**Stored data**:
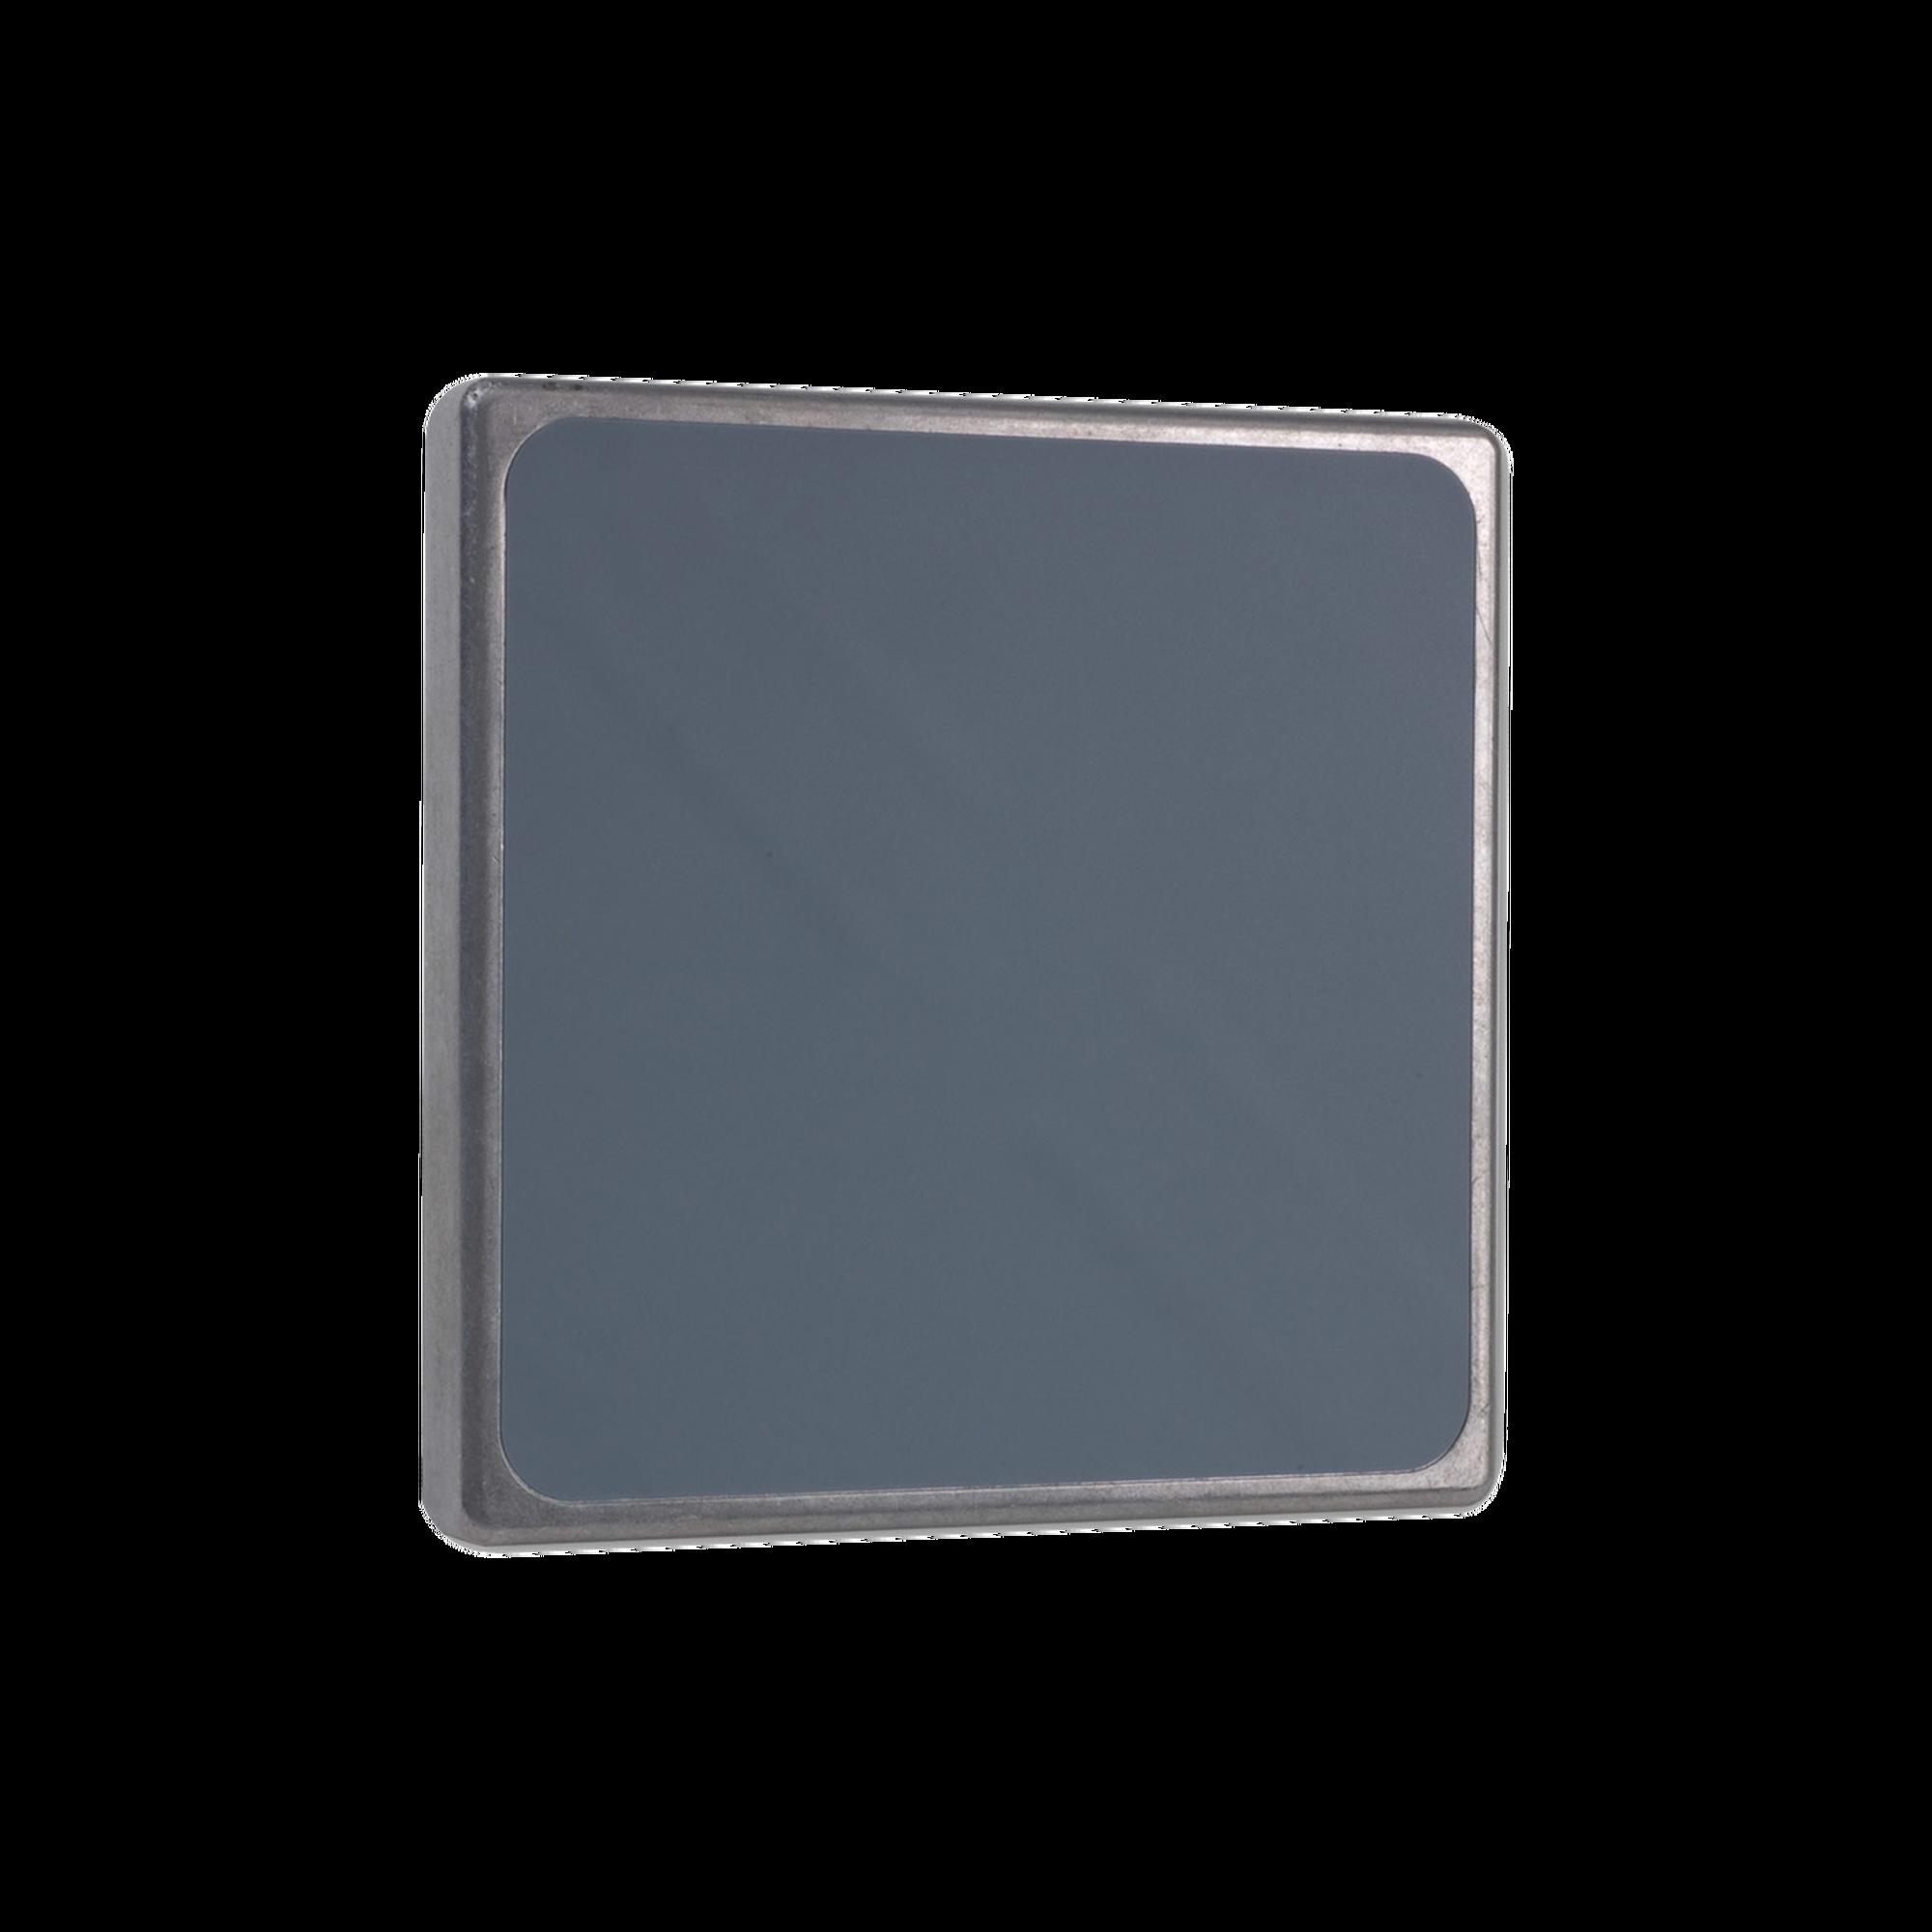 ANTENA RFID DE METAL, FREC. 902-928 MHz
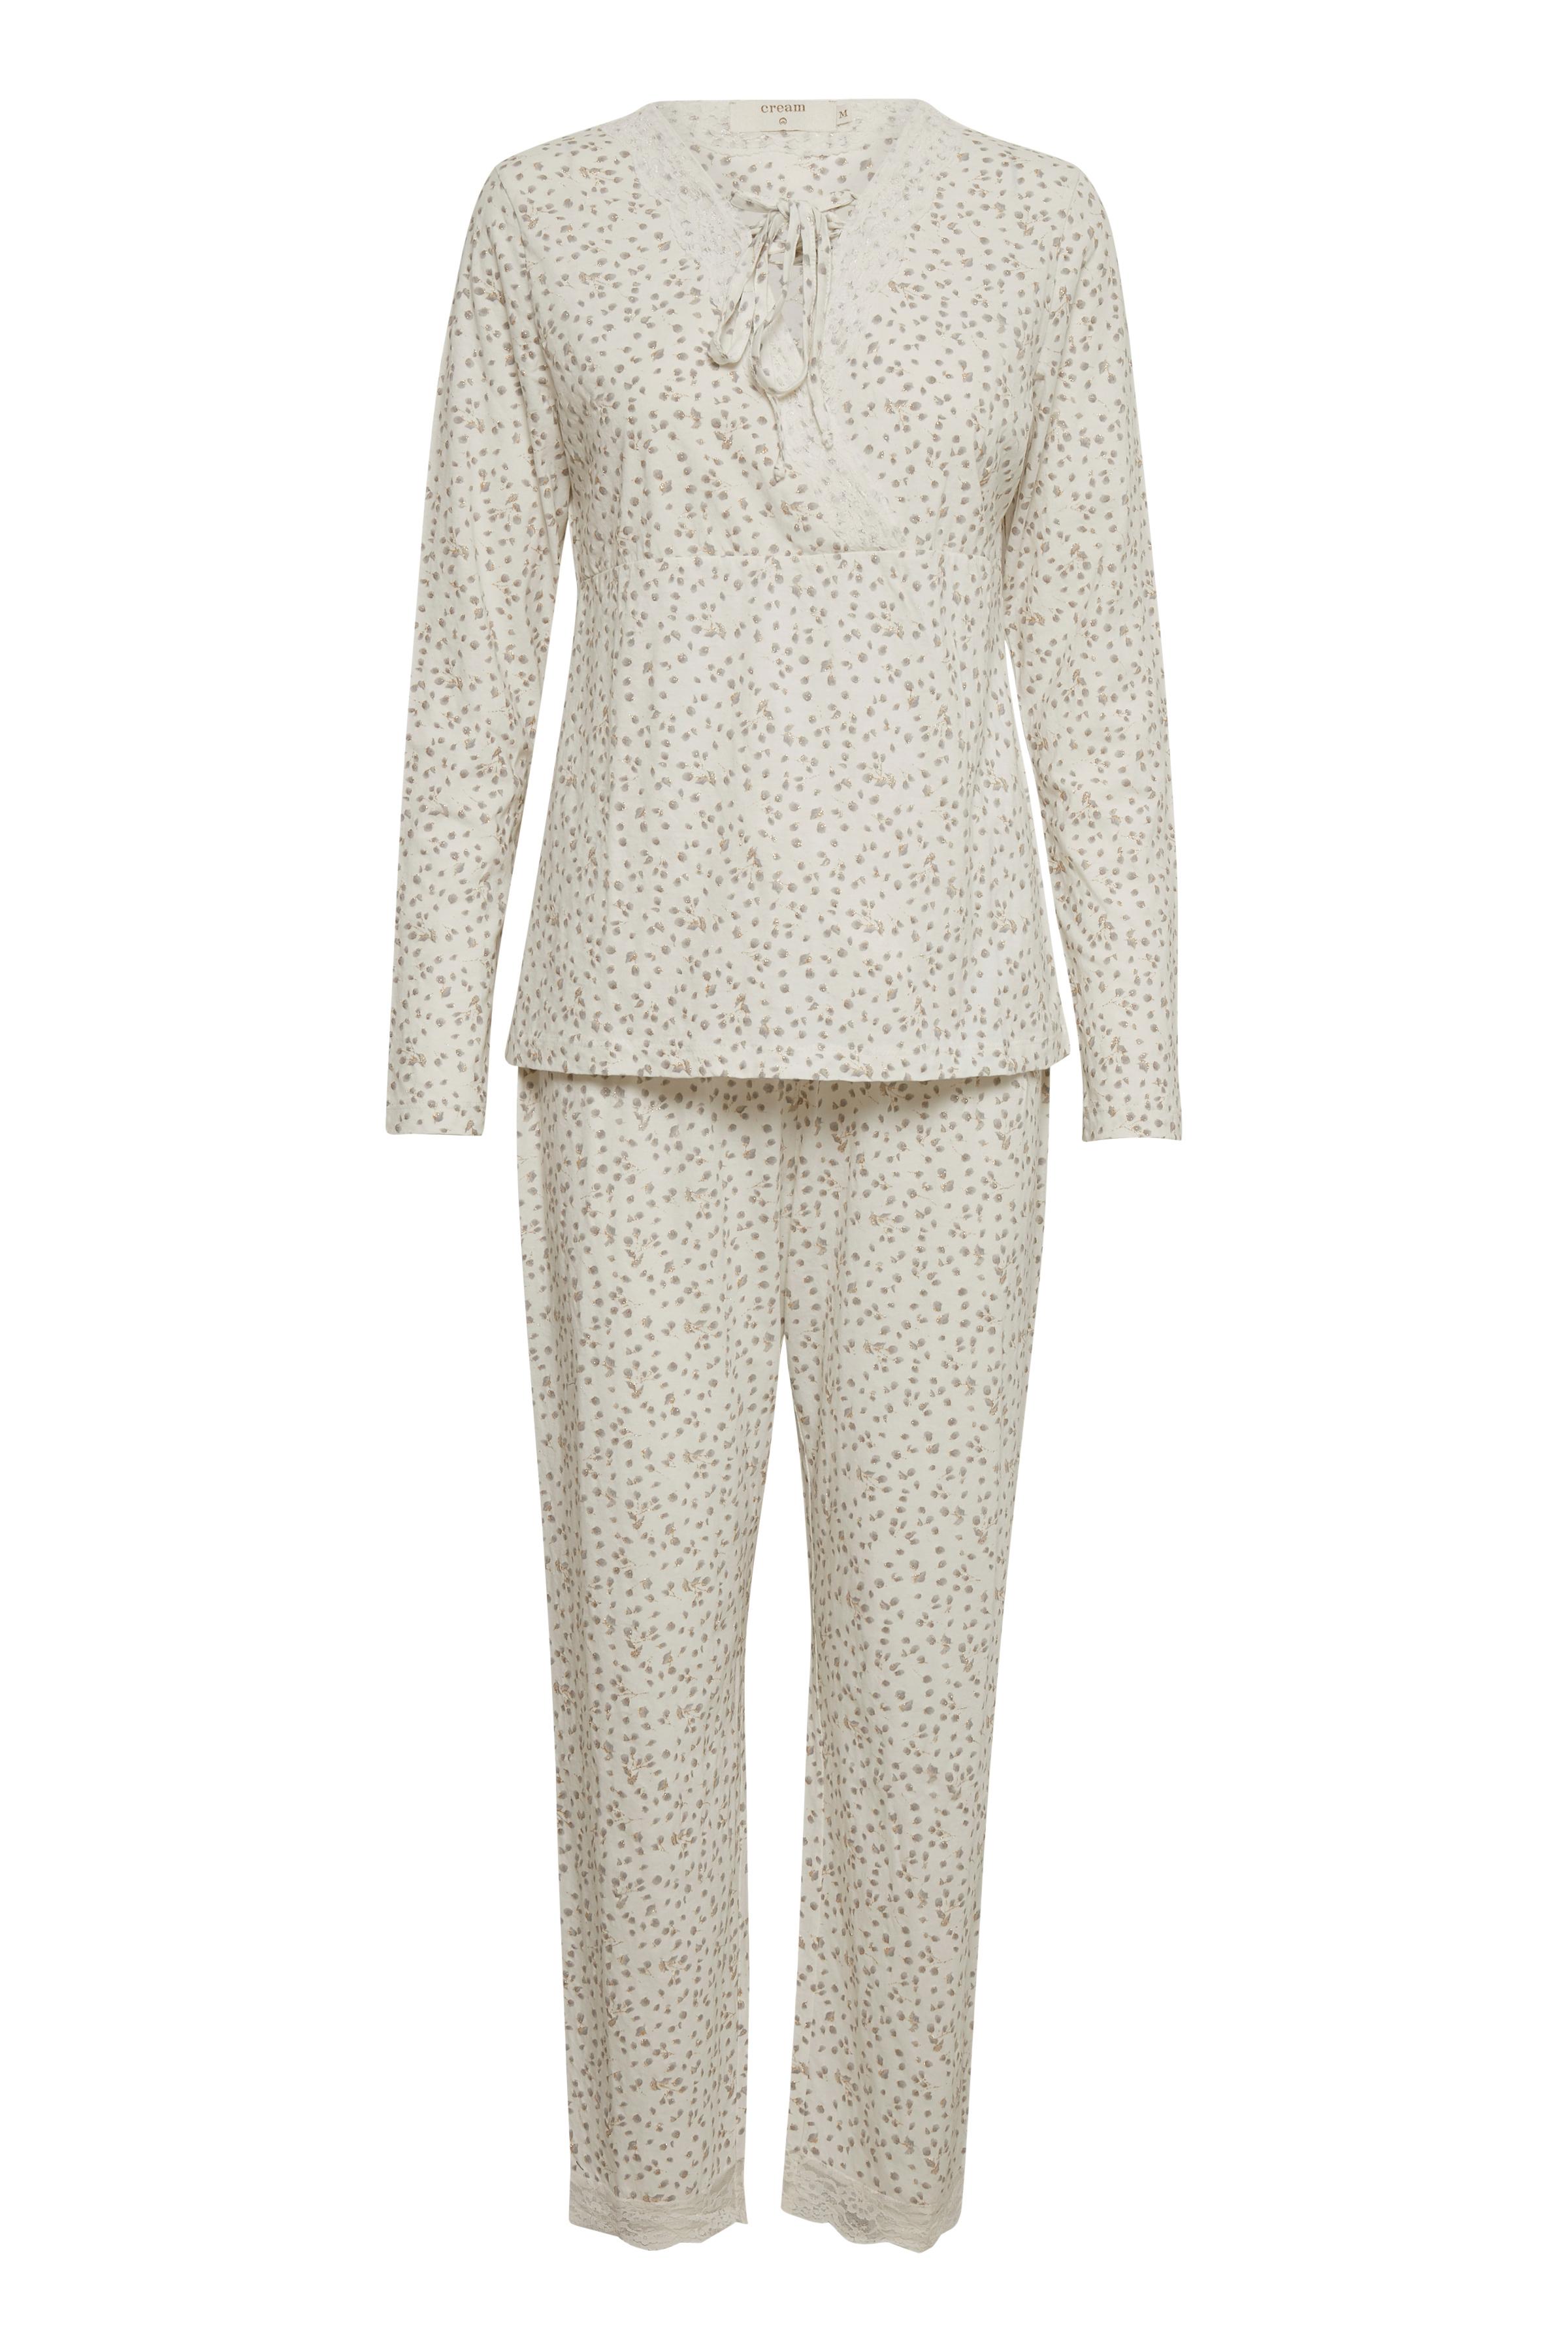 Off-white/sand Nattøj fra Cream Accessories – Køb Off-white/sand Nattøj fra str. XS/S-XL/XXL her
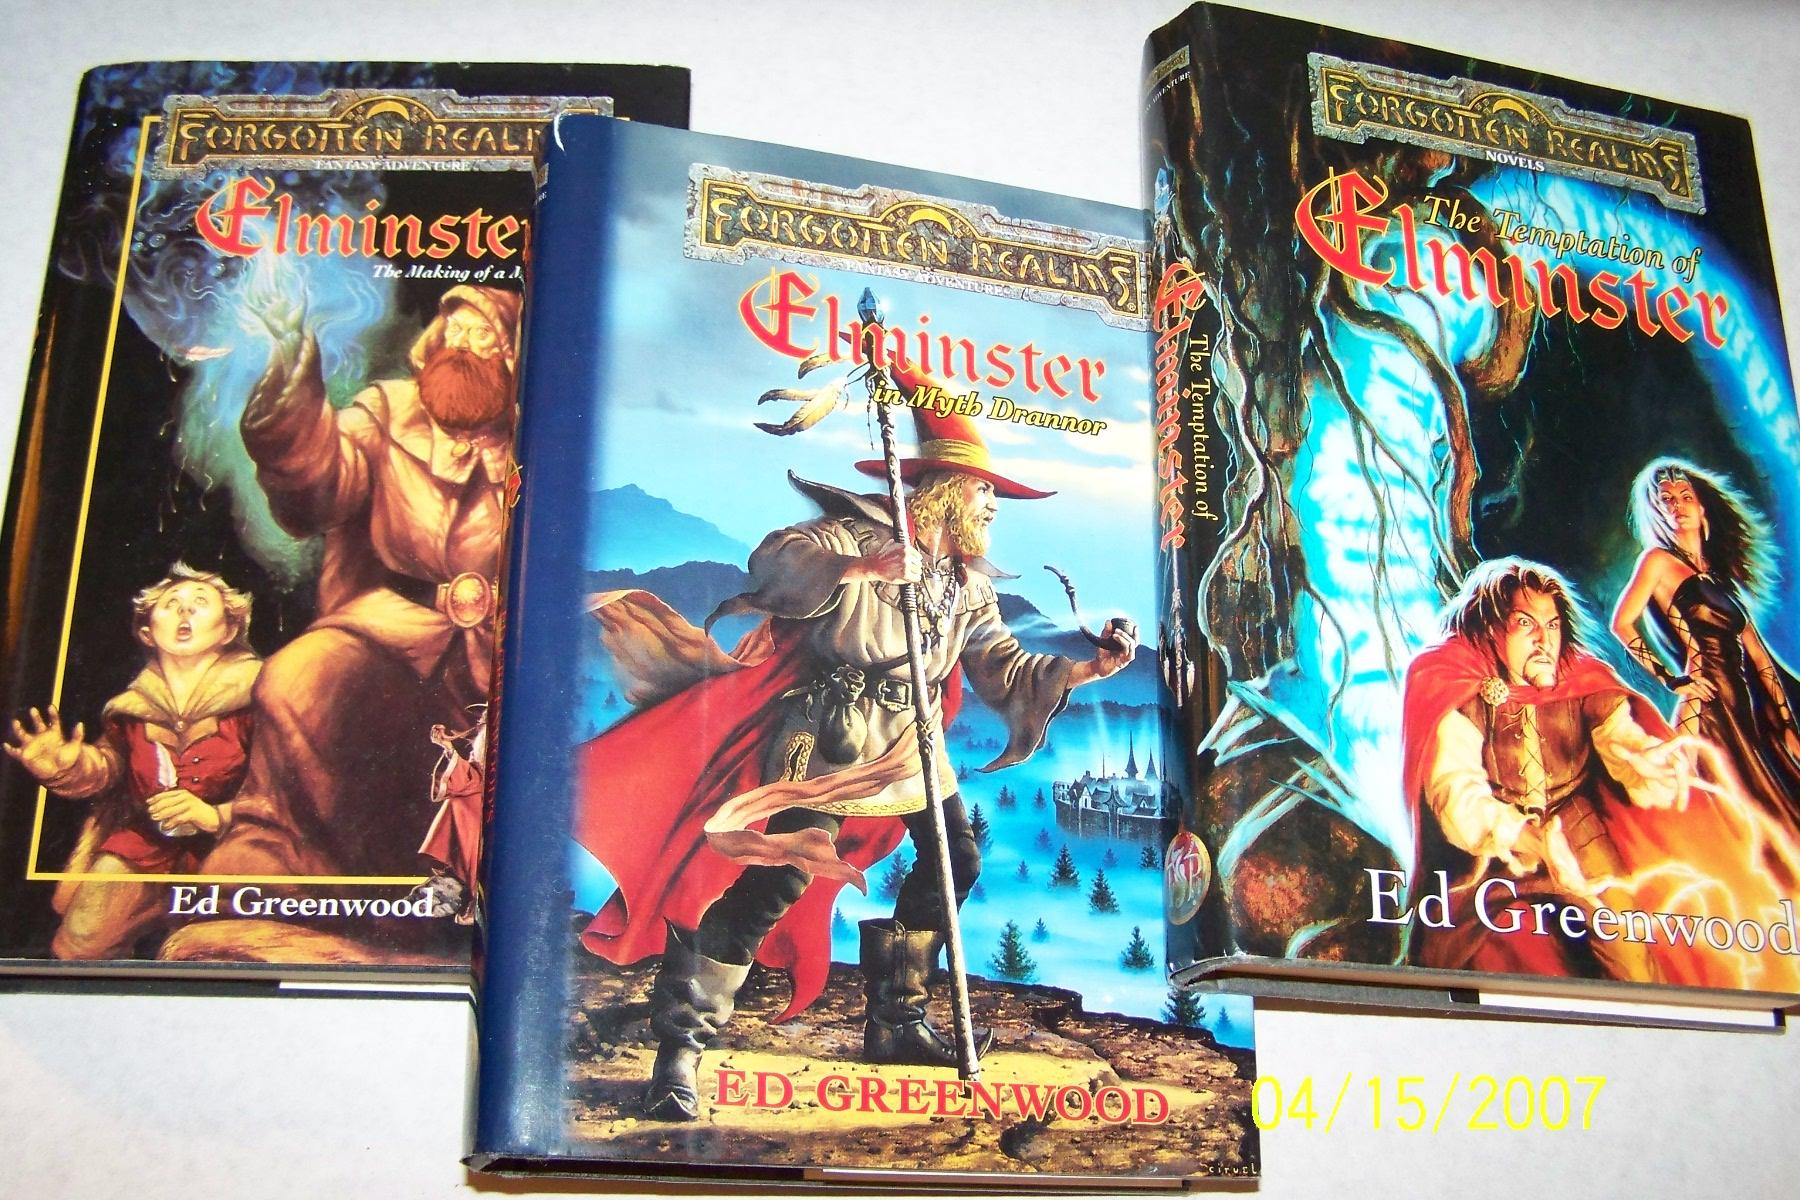 1998 fantasy novels

**What is being asked**: Please retype the data exactly as it appears, but without any of its pictures.

**Response area**:
 ANTENA RFID DE METAL, FREC. 902-928 MHz
 Off-white/sand Nattøj fra Cream Accessories – Køb Off-white/sand Nattøj fra str. XS/S-XL/XXL her
 1998 fantasy novels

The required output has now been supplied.